**Work task**
In the listing that follows, give every line again exactly and omit the pictures.
··· Data shown
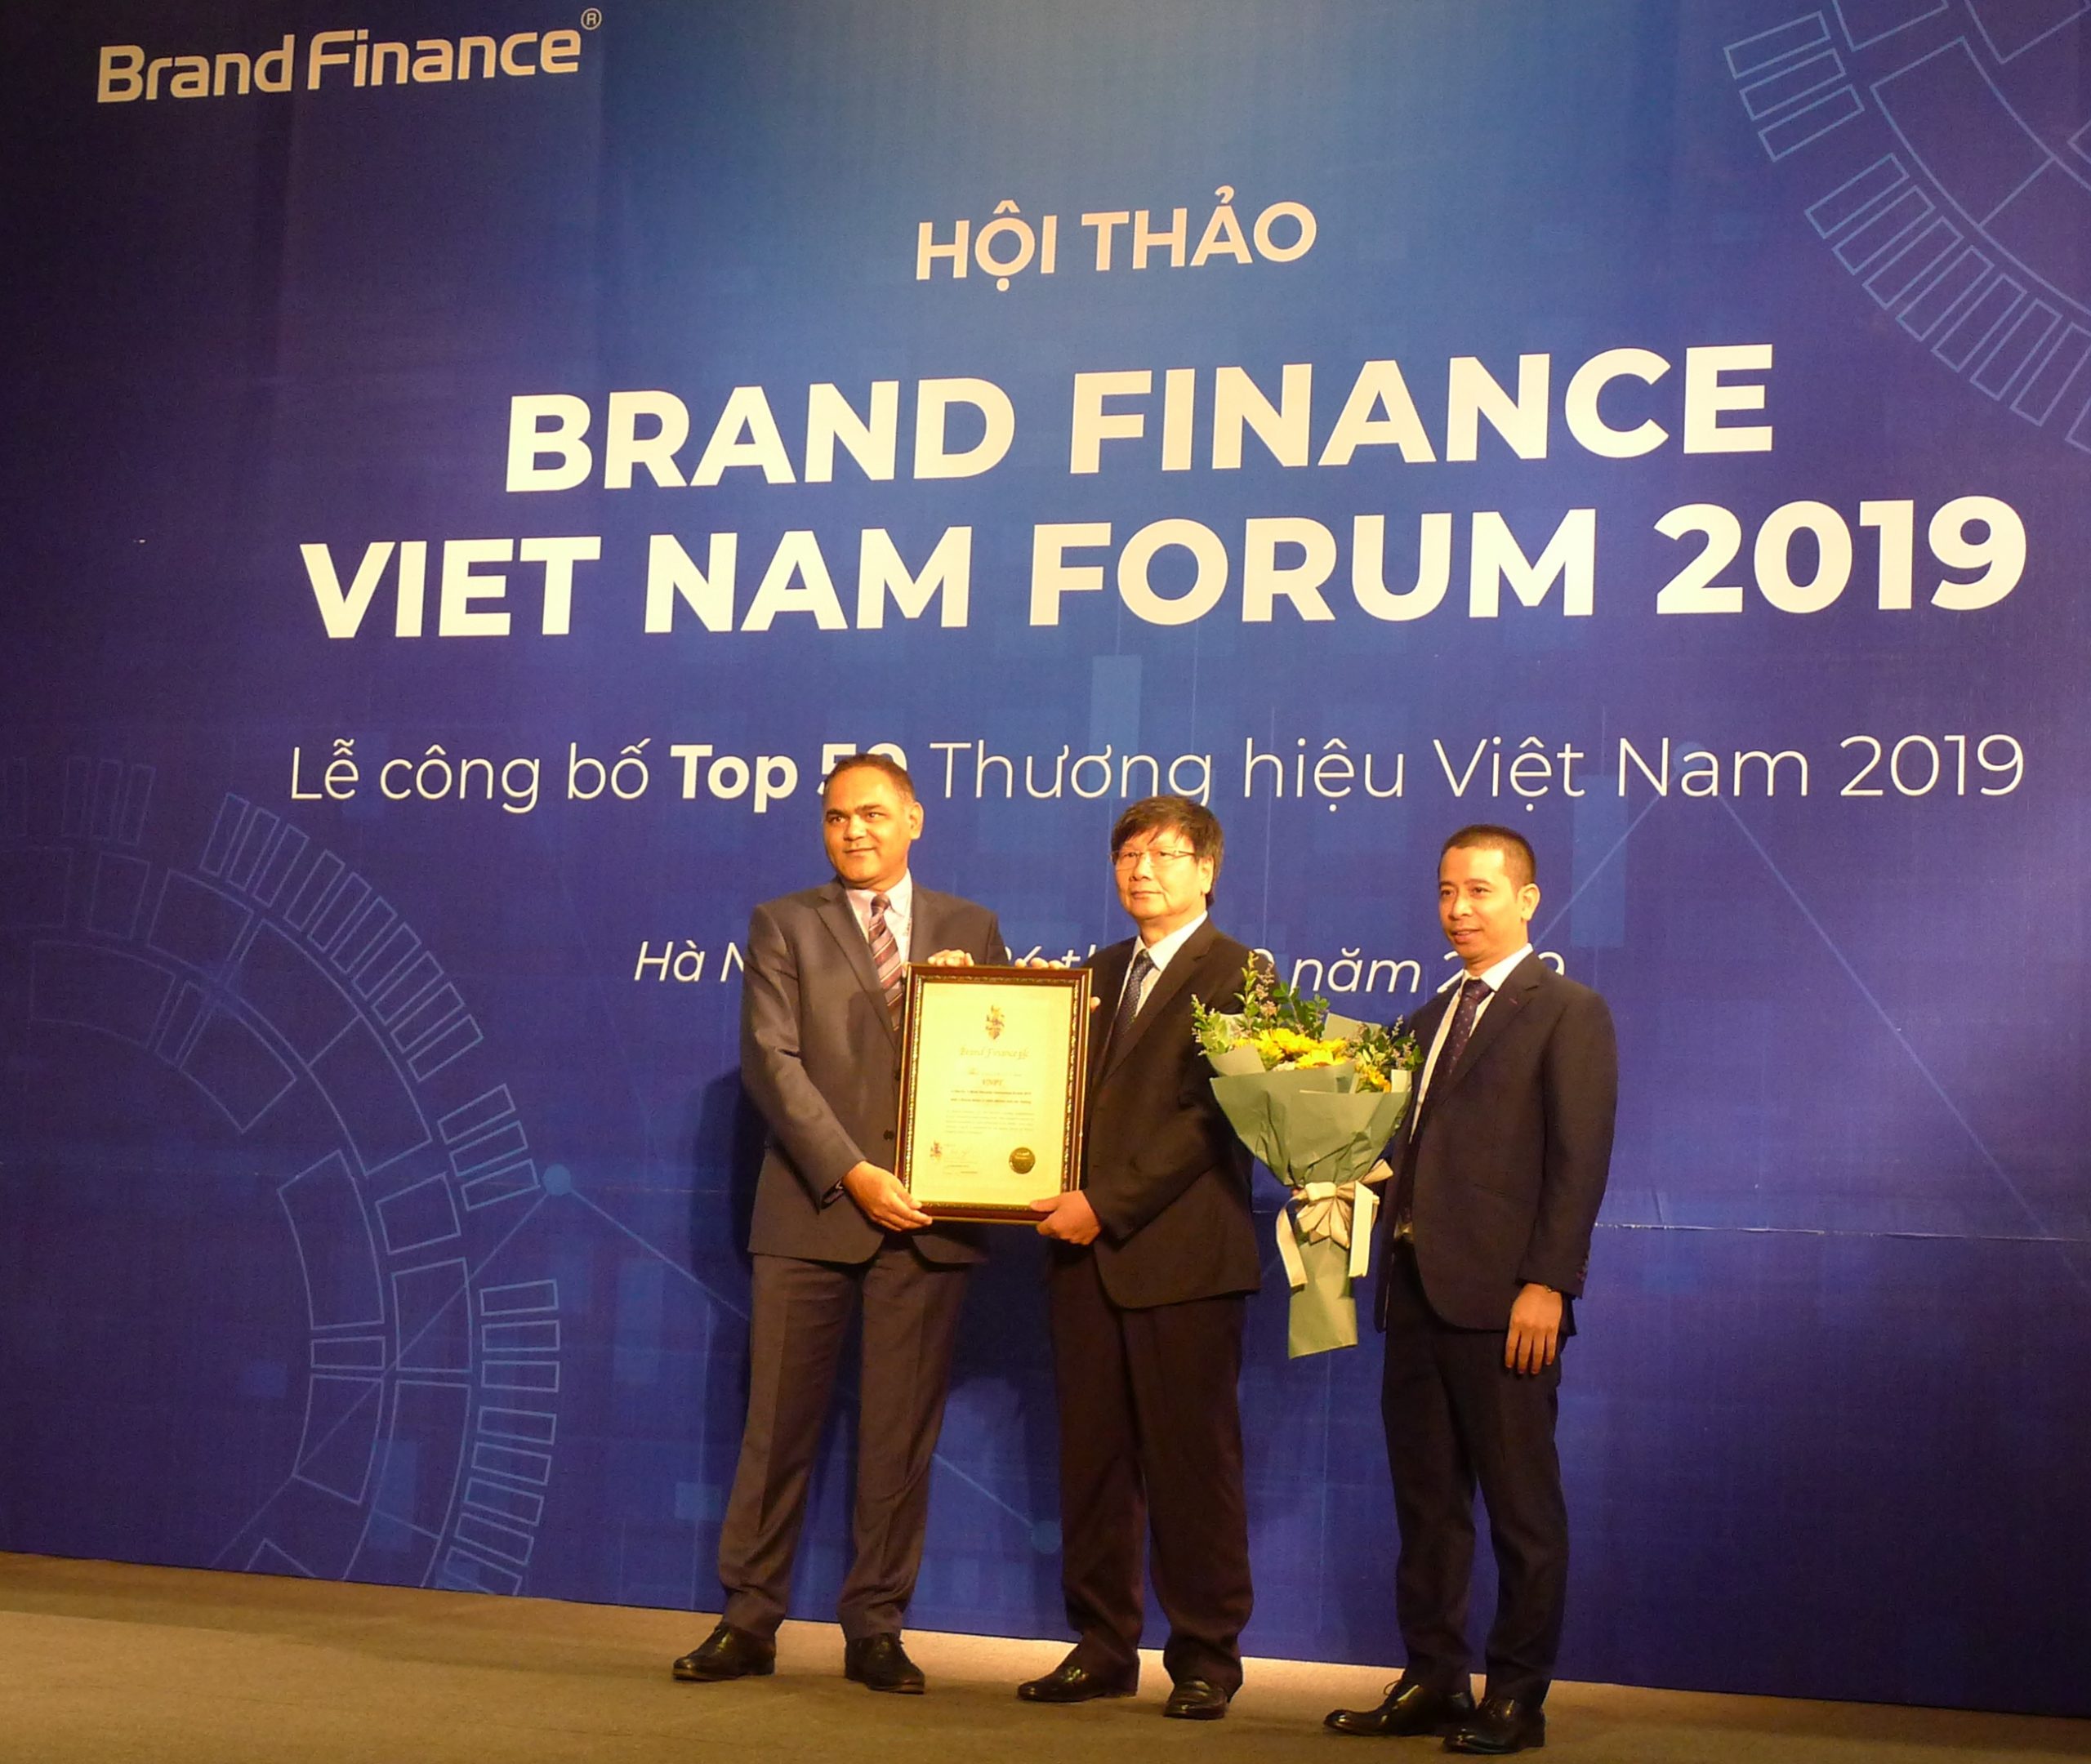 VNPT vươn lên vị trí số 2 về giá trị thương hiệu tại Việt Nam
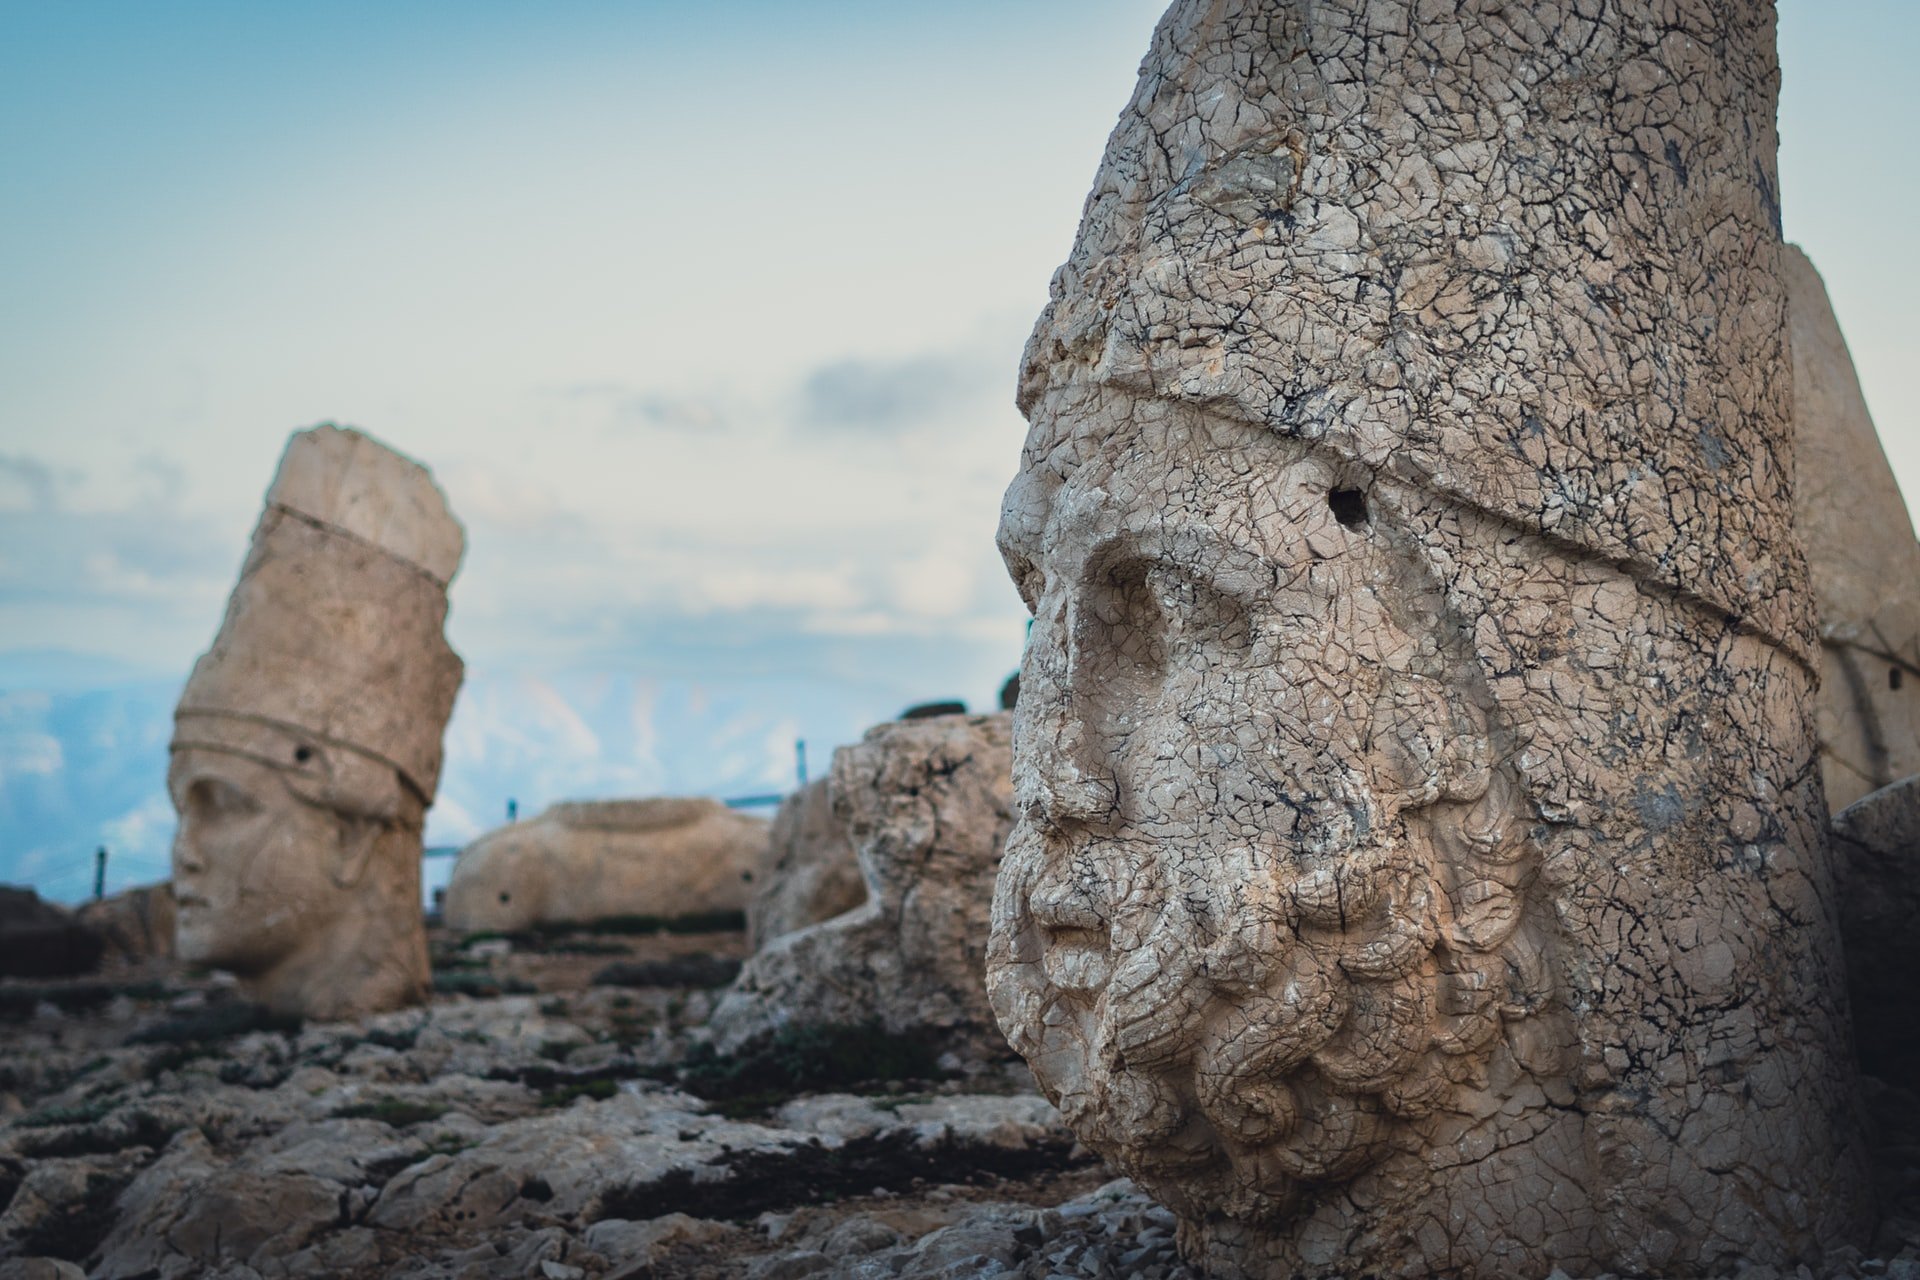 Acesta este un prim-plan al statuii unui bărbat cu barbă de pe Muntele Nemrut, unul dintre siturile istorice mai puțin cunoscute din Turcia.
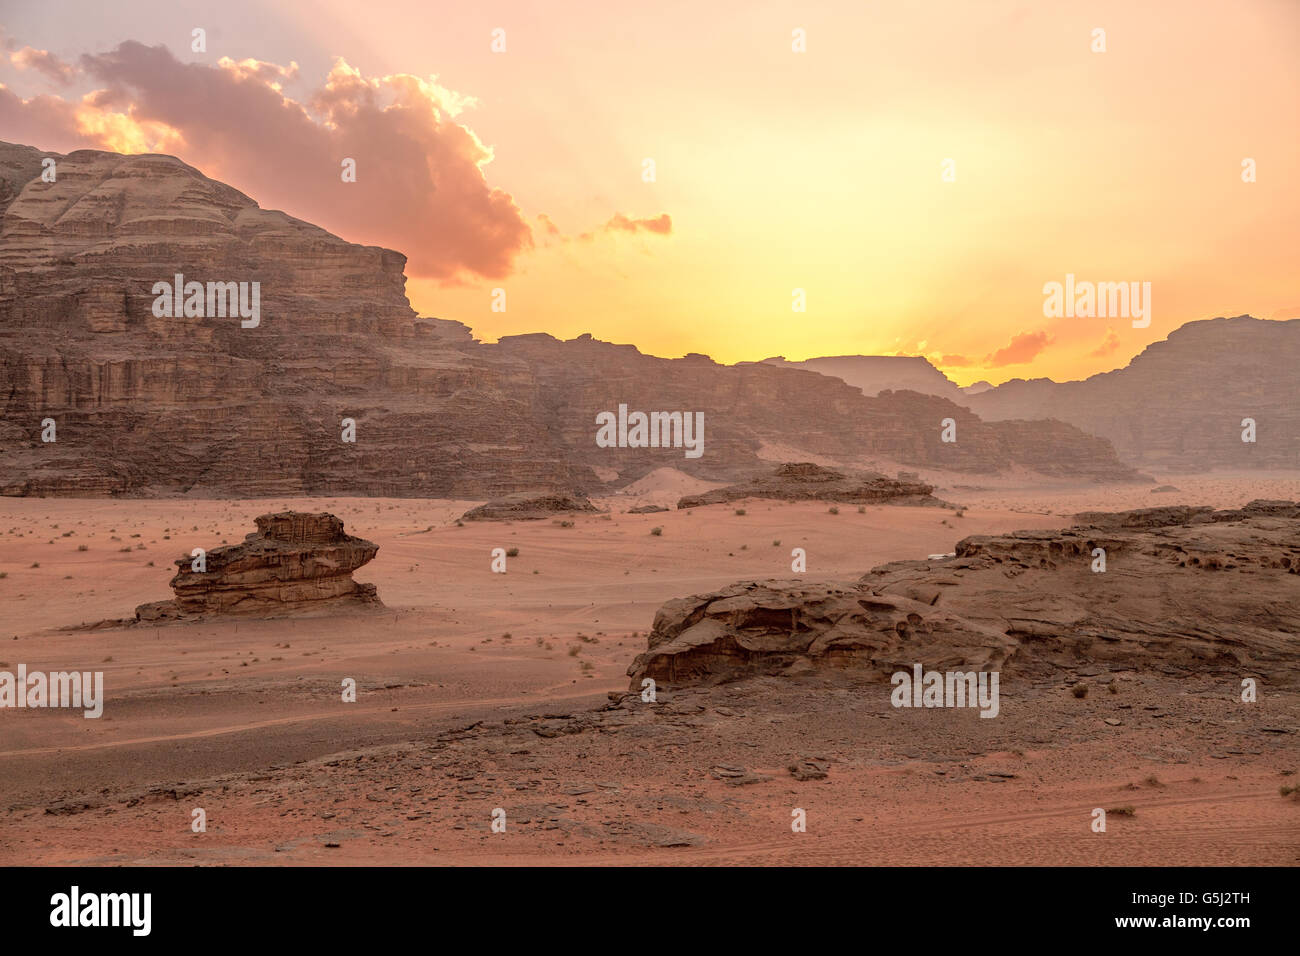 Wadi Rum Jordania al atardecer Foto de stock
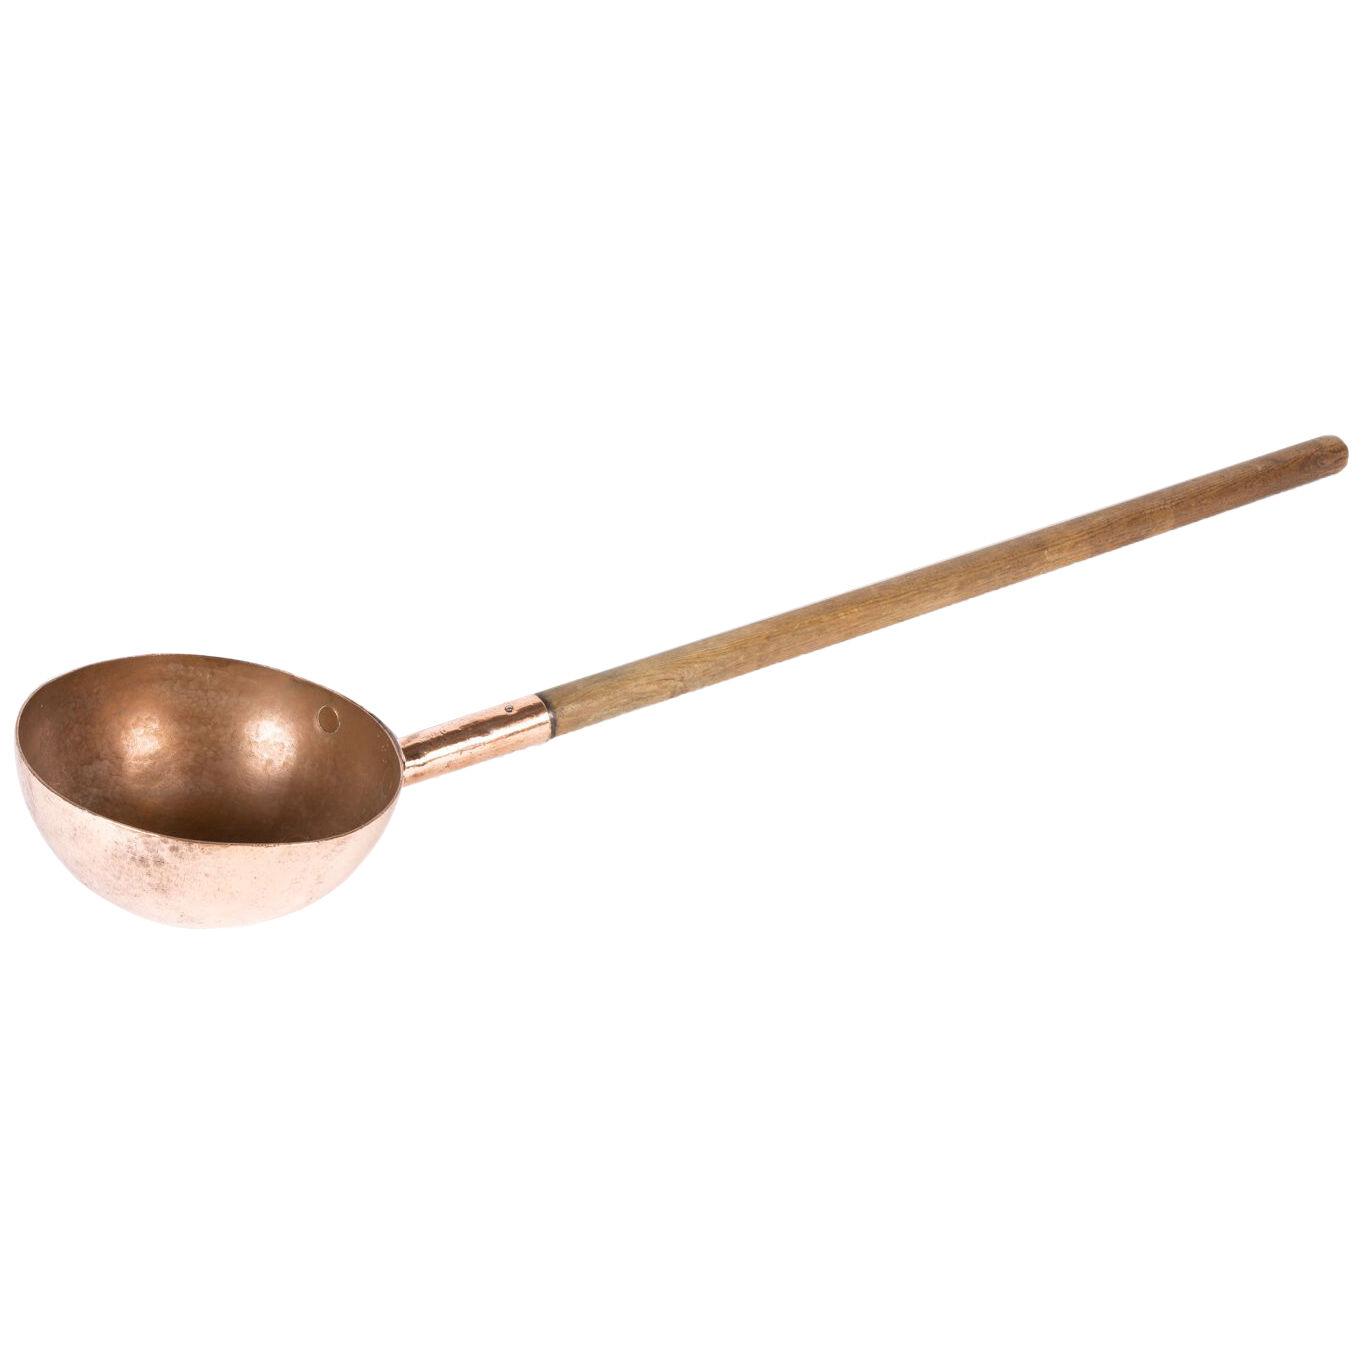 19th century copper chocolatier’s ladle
······
**Result**
 VNPT vươn lên vị trí số 2 về giá trị thương hiệu tại Việt Nam
 Acesta este un prim-plan al statuii unui bărbat cu barbă de pe Muntele Nemrut, unul dintre siturile istorice mai puțin cunoscute din Turcia.
 Wadi Rum Jordania al atardecer Foto de stock
 19th century copper chocolatier’s ladle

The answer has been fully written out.